### ABOUT THIS TASK:
Check each line of the records below and collect those holding "Neon".

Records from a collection
----------

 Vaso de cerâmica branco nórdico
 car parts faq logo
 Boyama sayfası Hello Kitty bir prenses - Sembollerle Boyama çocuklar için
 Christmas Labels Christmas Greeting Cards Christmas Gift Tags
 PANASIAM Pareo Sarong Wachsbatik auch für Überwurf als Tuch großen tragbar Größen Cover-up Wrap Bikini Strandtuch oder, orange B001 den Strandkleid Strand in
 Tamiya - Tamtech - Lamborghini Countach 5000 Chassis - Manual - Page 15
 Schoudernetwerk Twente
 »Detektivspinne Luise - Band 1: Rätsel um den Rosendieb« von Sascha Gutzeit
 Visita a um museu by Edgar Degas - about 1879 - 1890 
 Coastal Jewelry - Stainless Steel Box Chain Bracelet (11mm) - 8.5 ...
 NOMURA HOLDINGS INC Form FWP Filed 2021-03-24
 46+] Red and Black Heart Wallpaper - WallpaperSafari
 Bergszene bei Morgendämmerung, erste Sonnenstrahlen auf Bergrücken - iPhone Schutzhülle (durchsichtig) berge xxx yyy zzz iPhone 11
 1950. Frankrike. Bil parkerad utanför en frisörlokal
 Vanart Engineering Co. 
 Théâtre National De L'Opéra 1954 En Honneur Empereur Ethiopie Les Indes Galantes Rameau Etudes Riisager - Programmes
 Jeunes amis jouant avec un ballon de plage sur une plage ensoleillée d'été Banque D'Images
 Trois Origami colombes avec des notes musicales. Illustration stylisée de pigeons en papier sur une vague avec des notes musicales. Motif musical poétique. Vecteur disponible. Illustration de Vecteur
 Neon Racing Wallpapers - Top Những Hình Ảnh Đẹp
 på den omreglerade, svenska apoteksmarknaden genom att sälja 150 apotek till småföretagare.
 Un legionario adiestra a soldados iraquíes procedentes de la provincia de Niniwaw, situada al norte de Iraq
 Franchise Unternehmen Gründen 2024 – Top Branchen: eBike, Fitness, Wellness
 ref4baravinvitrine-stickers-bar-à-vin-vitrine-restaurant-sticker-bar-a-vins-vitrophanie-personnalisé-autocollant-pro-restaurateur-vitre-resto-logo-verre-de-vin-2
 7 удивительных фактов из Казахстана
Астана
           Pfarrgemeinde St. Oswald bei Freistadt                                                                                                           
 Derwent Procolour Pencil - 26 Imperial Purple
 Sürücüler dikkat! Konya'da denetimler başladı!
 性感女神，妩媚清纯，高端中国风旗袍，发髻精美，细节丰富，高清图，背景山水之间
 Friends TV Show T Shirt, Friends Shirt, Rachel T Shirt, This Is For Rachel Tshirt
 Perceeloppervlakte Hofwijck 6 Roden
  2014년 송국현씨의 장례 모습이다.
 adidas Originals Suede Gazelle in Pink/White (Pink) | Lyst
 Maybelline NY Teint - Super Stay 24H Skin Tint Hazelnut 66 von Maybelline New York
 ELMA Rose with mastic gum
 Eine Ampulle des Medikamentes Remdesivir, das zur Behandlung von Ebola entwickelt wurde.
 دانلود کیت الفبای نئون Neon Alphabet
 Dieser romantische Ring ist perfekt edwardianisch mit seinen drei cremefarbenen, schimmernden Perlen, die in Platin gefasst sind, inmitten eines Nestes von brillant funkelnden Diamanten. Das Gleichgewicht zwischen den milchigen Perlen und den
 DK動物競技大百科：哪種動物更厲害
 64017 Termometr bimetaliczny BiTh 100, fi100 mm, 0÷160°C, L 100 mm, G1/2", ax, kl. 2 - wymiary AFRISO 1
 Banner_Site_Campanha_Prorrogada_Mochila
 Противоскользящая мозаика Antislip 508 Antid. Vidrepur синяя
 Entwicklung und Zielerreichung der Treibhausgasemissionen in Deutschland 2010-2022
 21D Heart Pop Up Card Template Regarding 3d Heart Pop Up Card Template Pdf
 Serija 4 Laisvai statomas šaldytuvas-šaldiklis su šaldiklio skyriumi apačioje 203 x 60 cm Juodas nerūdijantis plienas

----------

### SOLVED PROBLEM:
 Neon Racing Wallpapers - Top Những Hình Ảnh Đẹp
 دانلود کیت الفبای نئون Neon Alphabet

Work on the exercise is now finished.